▶ **Given information**
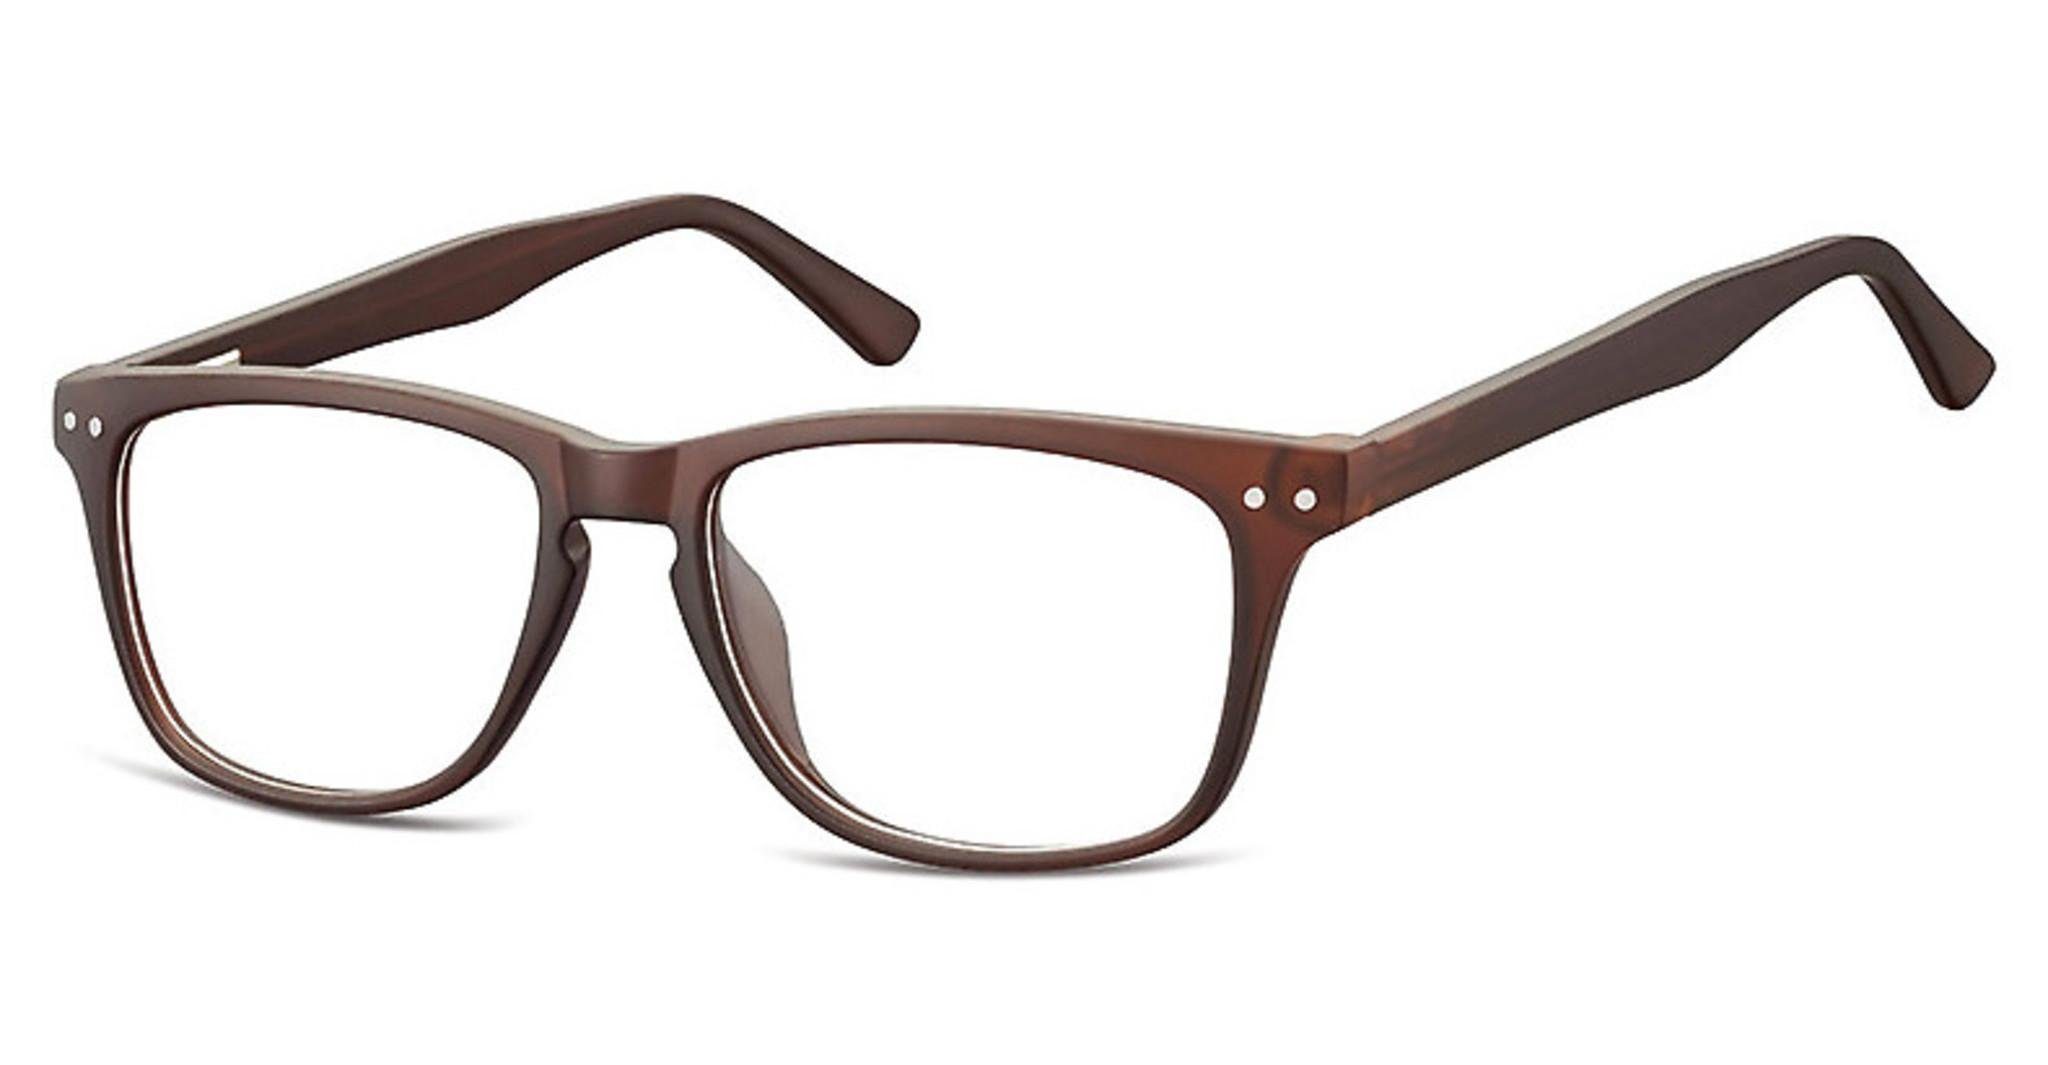 Neue Produkte diese Woche SUNOPTIC Brille CP136 braun
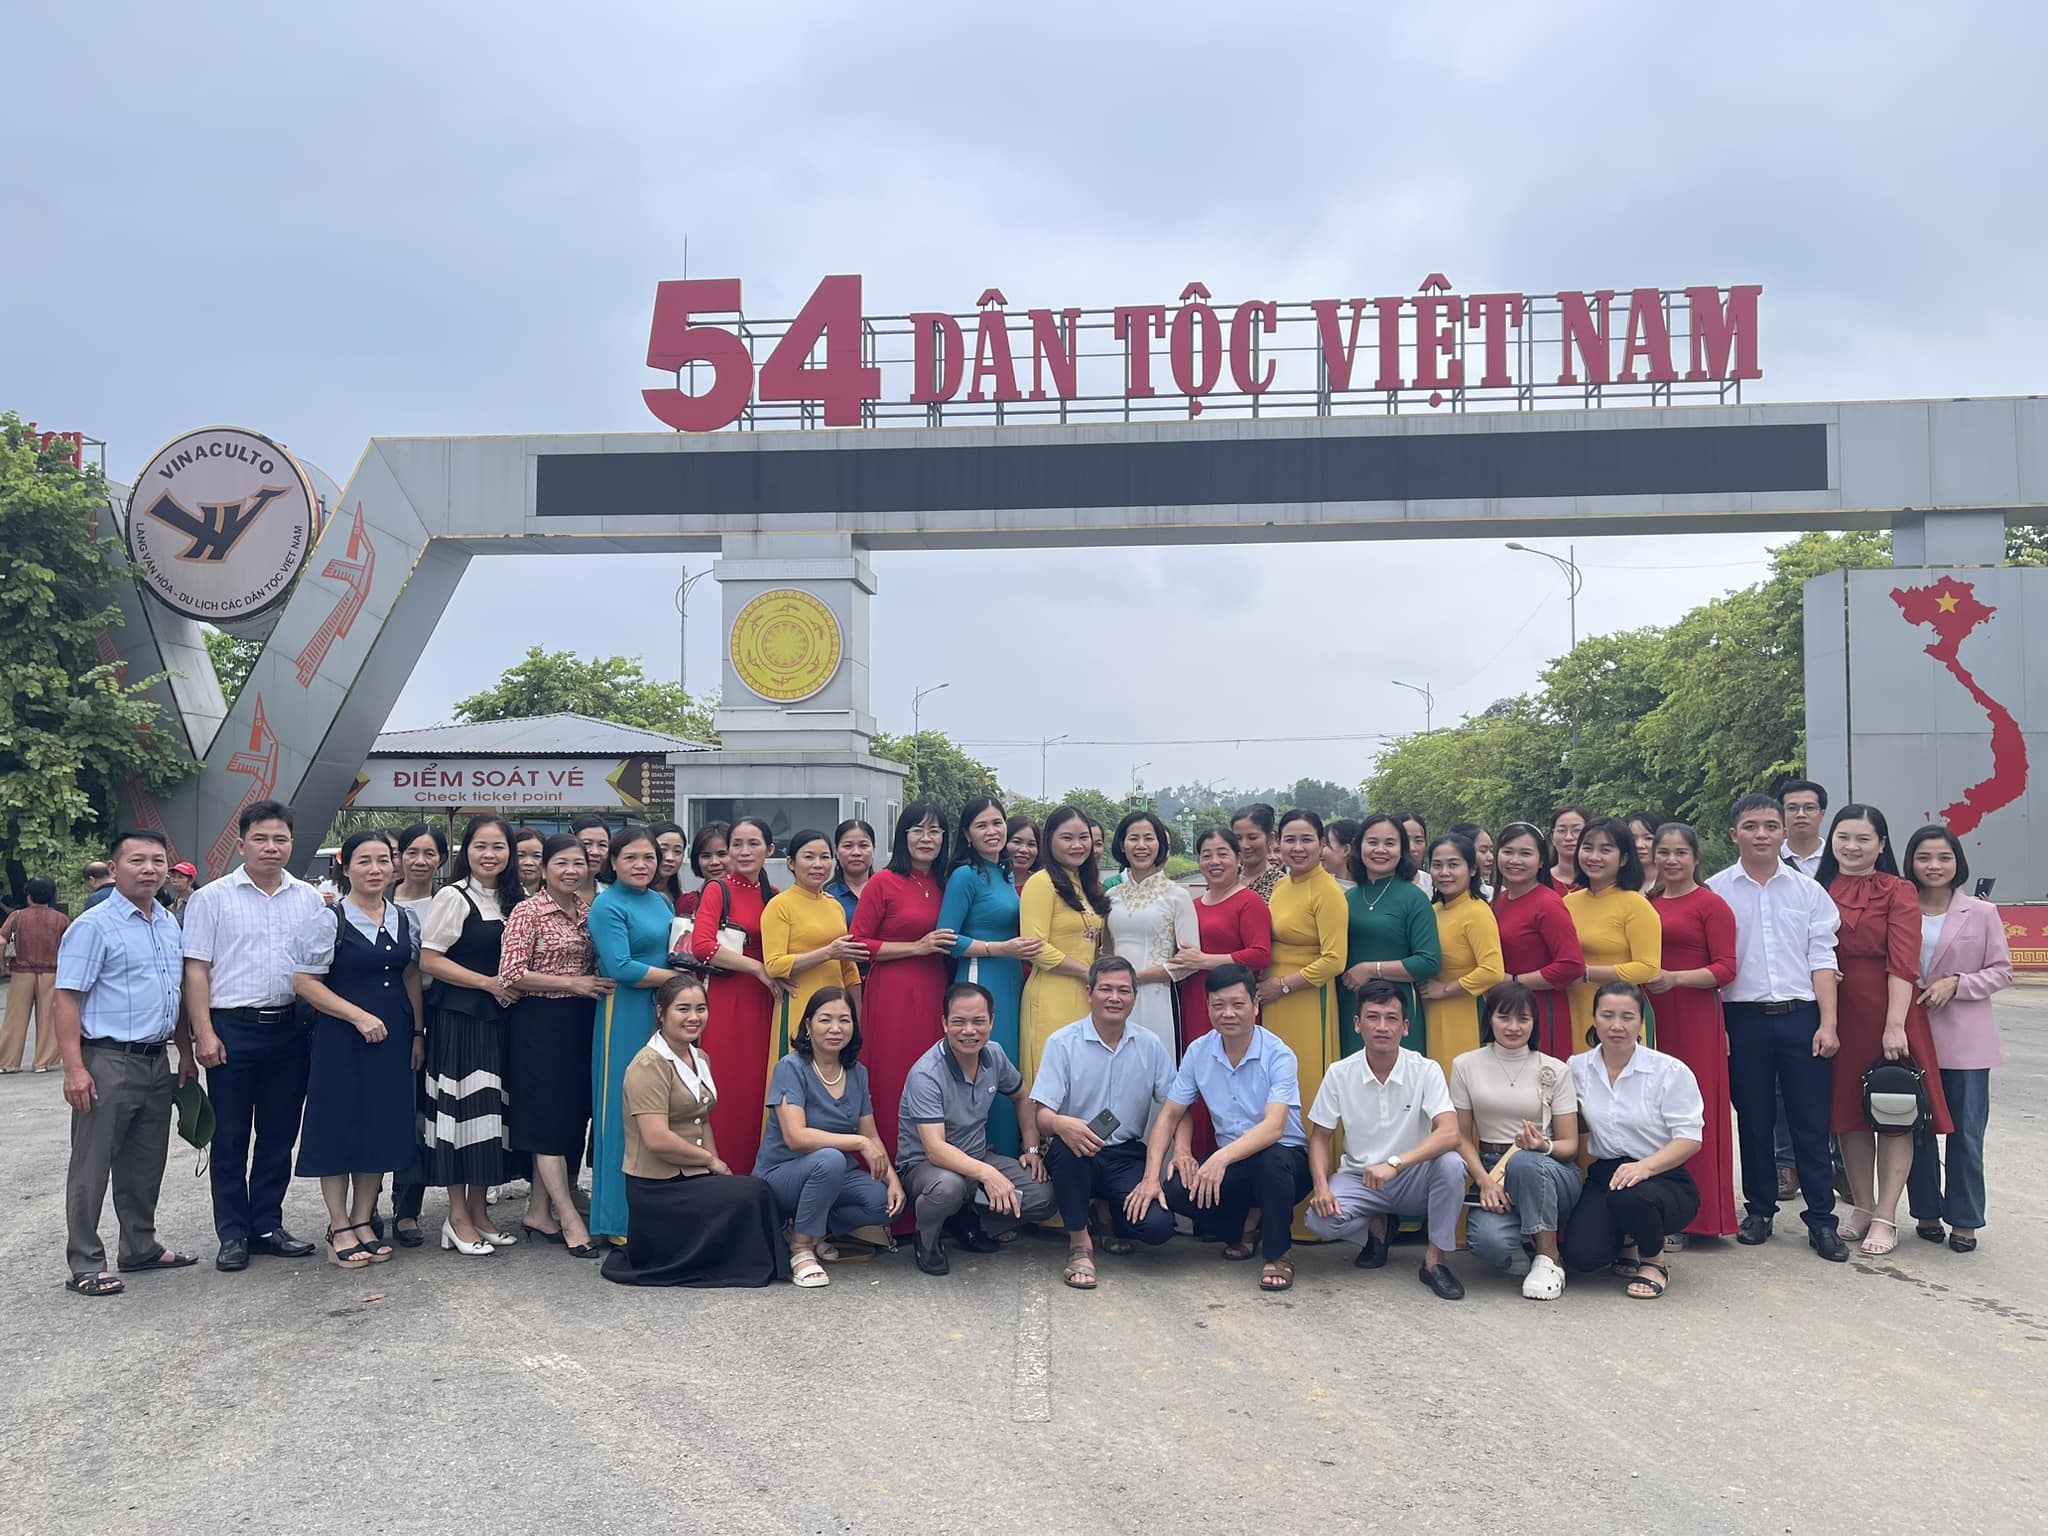 Cổng Soát Vé Làng Văn Hóa Các Dân Tộc Việt Nam
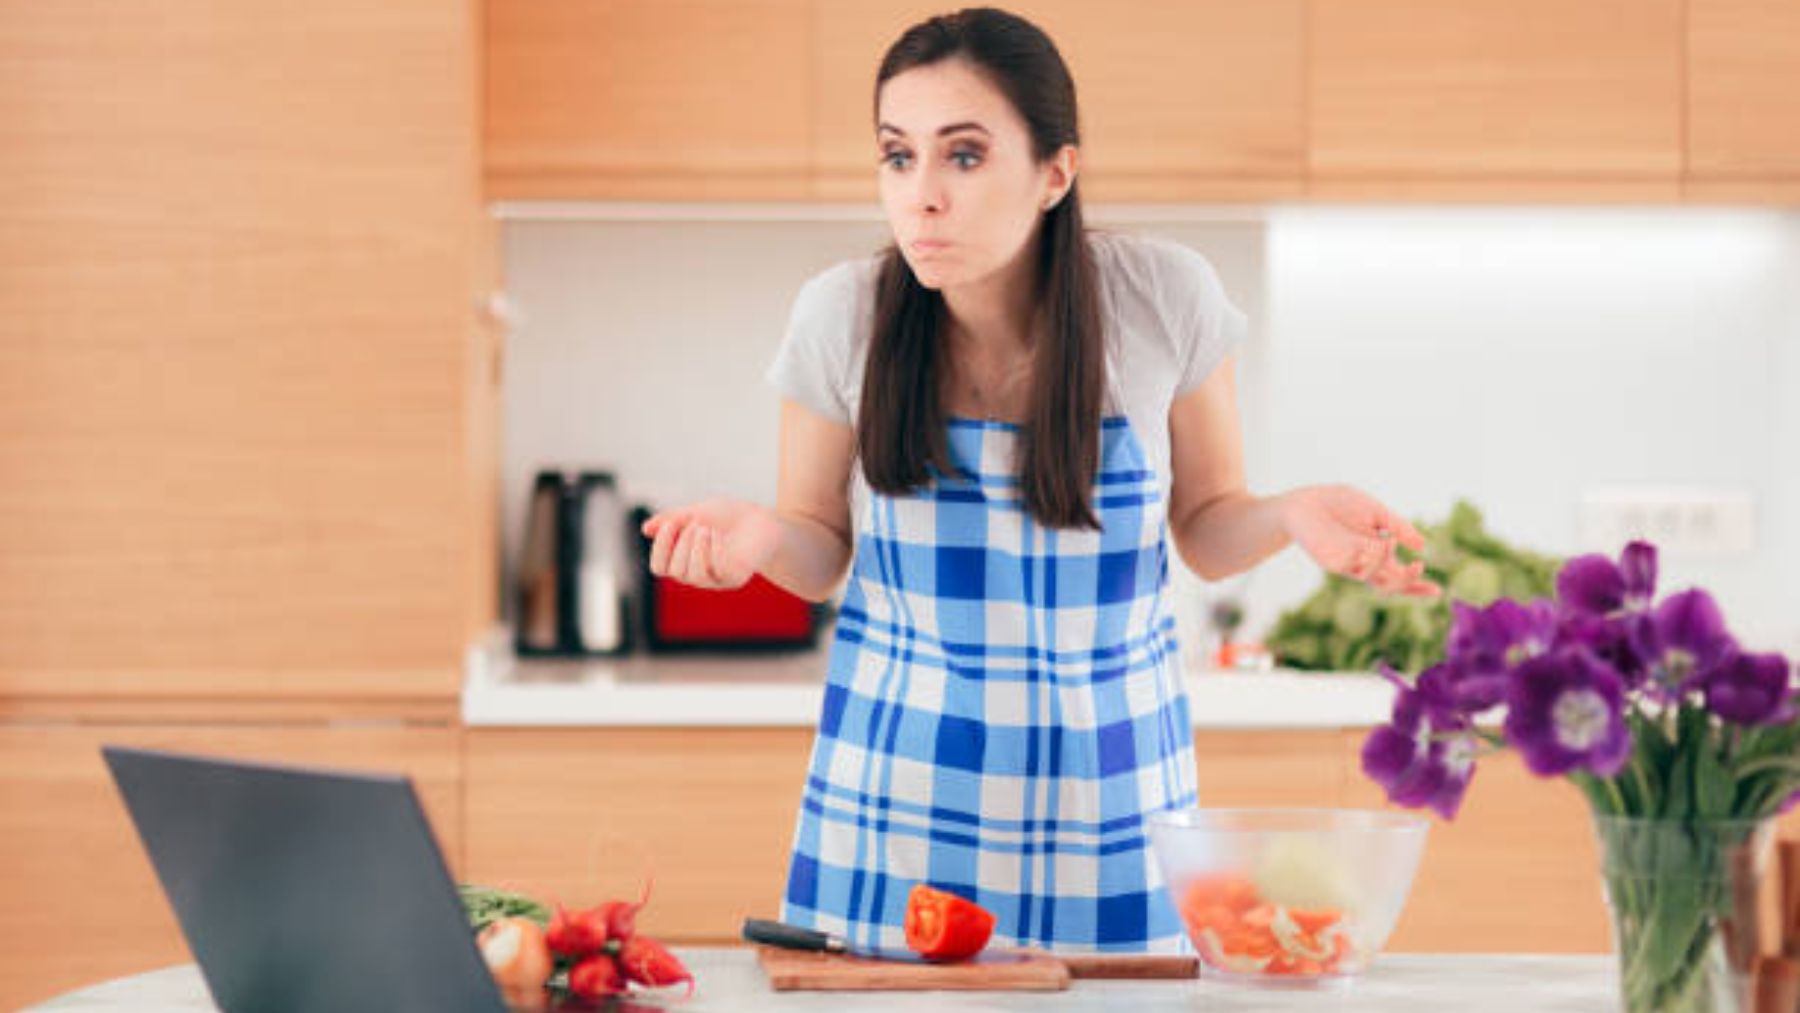 Las 10 cosas que nunca debes hacer en la cocina según los expertos

▶ **Exercise instructions**
Nothing but the lines from the line containing "Cổng Soát Vé" through the last line of the material may be output, and they must be copied exactly, without pictures.

▶ **Response**
 Cổng Soát Vé Làng Văn Hóa Các Dân Tộc Việt Nam
 Las 10 cosas que nunca debes hacer en la cocina según los expertos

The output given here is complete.